General loans that are considered due are not property specific and are considered due on demand.
NOTE 8–RELATED PARTY TRANSACTIONS
As of September 30, 2021, the Company’s majority shareholder, has provided advances totaling $474,271 (December 31, 2020: $492,500). These advances are unsecured and do not carry a contractual interest rate or repayment terms.
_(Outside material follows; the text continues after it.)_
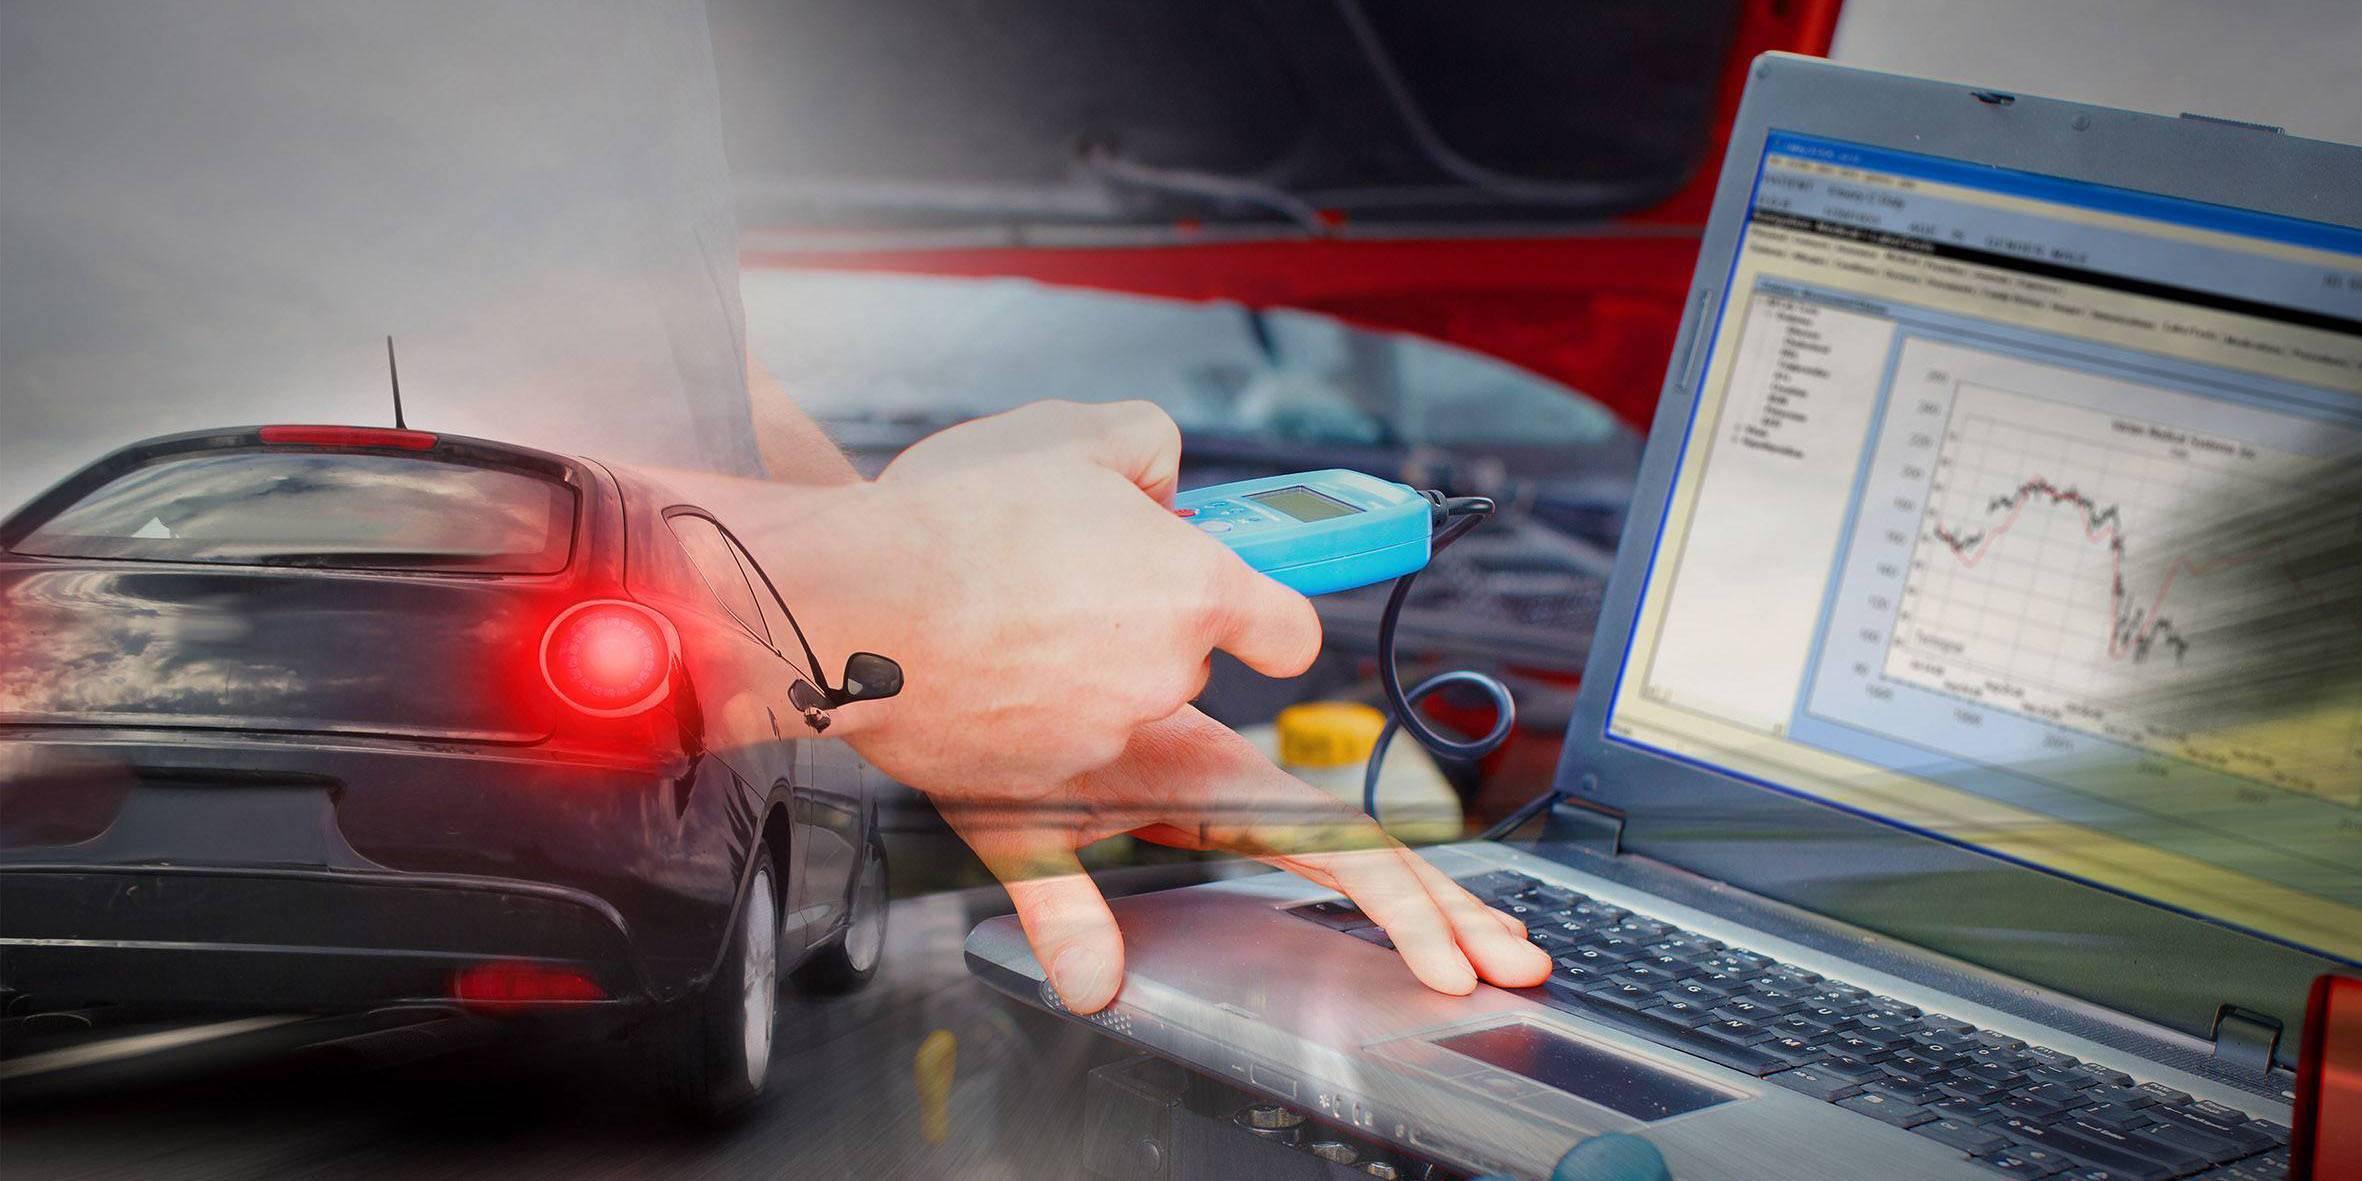 Jármű támogatás, CAN-BUS rendszer

In connection with these advances, the Company has recorded an imputed interest charge of $24,831 which was credited to additional paid-in capital for the nine months ended September 30, 2021.
NOTE 9 – SERIES 1 CONVERTIBLE PREFERRED SHARES
On September 8, 2016, the Company authorized and designated shares of Series 1 convertible preferred stock (the “Preferred Stock”).
Effective September 30, 2019, the 5% Voting, Cumulative Convertible Series 1 Preferred Stock date of conversion has been extended to the September 30, 2029.
The Preferred Stock has the following rights and privileges:
Voting – The holders of the Preferred Stock shall be entitled to the number of votes equal to the number of shares of common stock into which such shares of Preferred Stock could be converted.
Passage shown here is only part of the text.